File spoon-archives/lyotard.archive/lyotard_2001/lyotard.0111, message 34

Date: Thu, 8 Nov 2001 23:59:58 -0500 (EST)
Subject: Re: Ethics as a Figure of Nihilism


Thanks for clarifying what you see as the potential problems with even
poststructuralist "ethics." I'm interested that "ethics" is understood in
terms of "justification." This seems to be a common concern among those
who wish to critique poststructuralism, that it is a "relativism" or
"nihilism" which then "justifies anything" or at least the wrong things
(the capitalist status quo.) I just went a fairly unsatisfactory round on
the Research in Anarchism list with a guy who wanted to argue that
"postmodernism justifies terrorism" - presumably because it can't take a
stand against it. The start of a response there, and here, i think, as
well, is that, when it comes right down to it, nihilism justifies nothing
- though it may in some way alibi our inertia, our failure to tackle
questions relating to justice. 

I think most of us can see how abstract discourse of "rights" and
"justice" can simpy serve to derail more radical, materialist critique. I
doubt there are many things more counter-revolutionary than a clean
conscience - but haven't a range of poststructuralists had choice things
to say about so-called "clean" consciences? Even bad old Baudrillard, who
flirts - however tactically - with a kind of "nihilism," has been pretty
clear on that. Someone like Derrida is obsessed in a certain way with
questions of "justice," but not - very specifically not - in ways that
would let us imagine we were "justified" in much of anything. Justice
matters, even as its fullest manifestation eludes us. Ethics is the field
within which we make important choice on the basis of always too little
knowledge, wisdom, time, etc. In more lyotardian terms, the differend
haunts all attempts at conversation. And, not coincidentally, spoils that
supposed reciprocity of exchange. Even the gift carries its own poison, an
accursed share. There is a "religious character" to Bataille's thought as
well - one which we probably need to keep in mind when we look at the way
folks like Derrida inherit Levinas' work. 

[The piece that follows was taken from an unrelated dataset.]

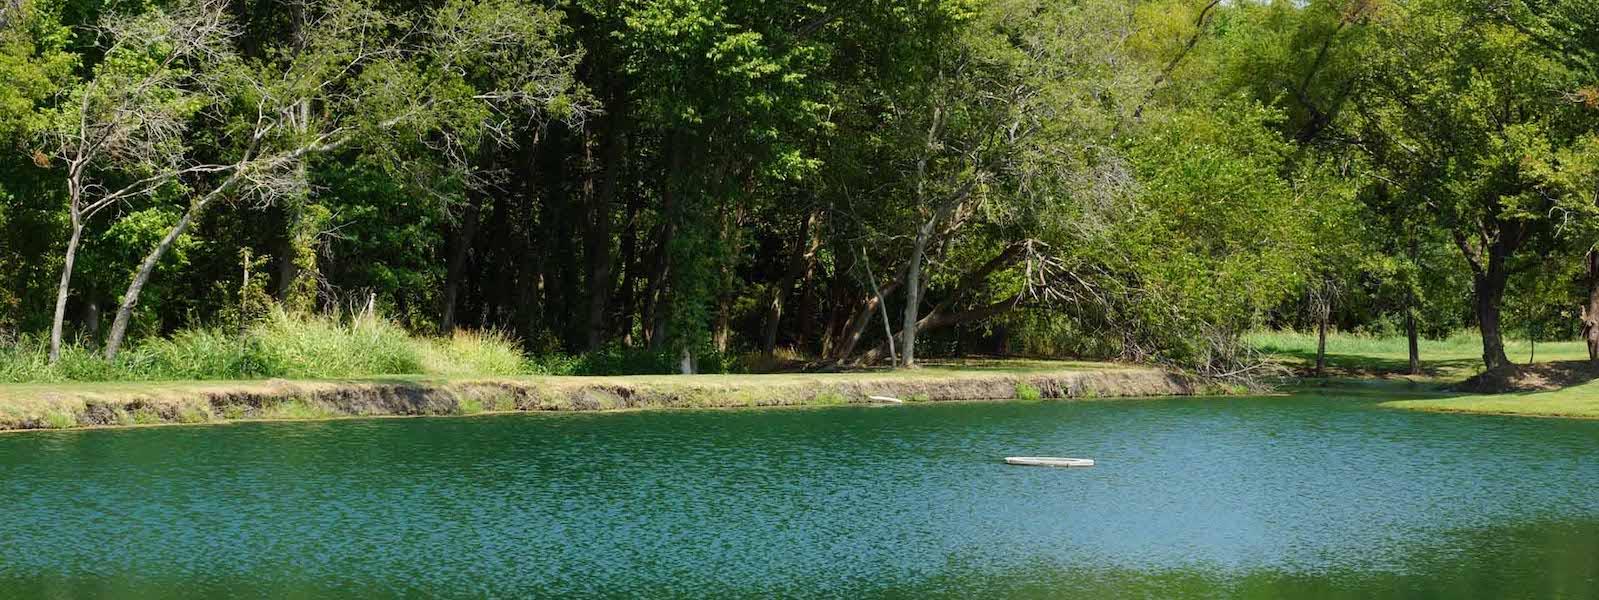 christie farms in prosper has amazing ponds

I guess what's key for me is that if "ethics" is what supports the
perception of neo-liberal economics as the realm of necessity, then it is
not "ethics" that some of these other folks are talking about. If, on the
other hand, we follow Derrida (and some others) in recognizing the
"ethical" as a field of in some sense "impossible" choices which we must
nonetheless make - because they matter in real, specific ways - then we
might say that what's propping up neo-liberalism is really the evasion of

I taught an awful intro philosophy class - written by an analytic
philosopher - where the agenda was to discourage students from pursuing
any "high risk" ethical path, any that might challenge the status quo.
Interestingly, even the author acknowledged that there wasn't any way he
knew to adequately ground an ethics in the kind of "objective" and
"rational" stuff he kept harping on, but, it appears, a politically safe
evasion of politics is better, in his book, than a philosophical work
which might turn up disquieting possibilities. Naturally, "postmodernism"
was a big bugaboo for the course. All i could really do was to point out
to my students where philosophy was being abandoned for "security." It
seems to me that that's one of Badiou's concerns. 

I just don't see how the "justice" that folks like Lyotard and Derrida are
wrestling with gives much aid to neo-liberalism - except to the extent
that those figures and struggles are dealt with in unphilosophical ways -
when concerns about the consequences of this or that intellectual path
take precedence over the messy, philosophical business of pursuing
"truth," "knowledge," "wisdom." I wonder if we are turning Badiou to ends
which are other than philosophical when we pit his critique of
"ethics" - or the neo-liberal "ethics" he so rightly critiques - against
any and all potential "ethical" comers.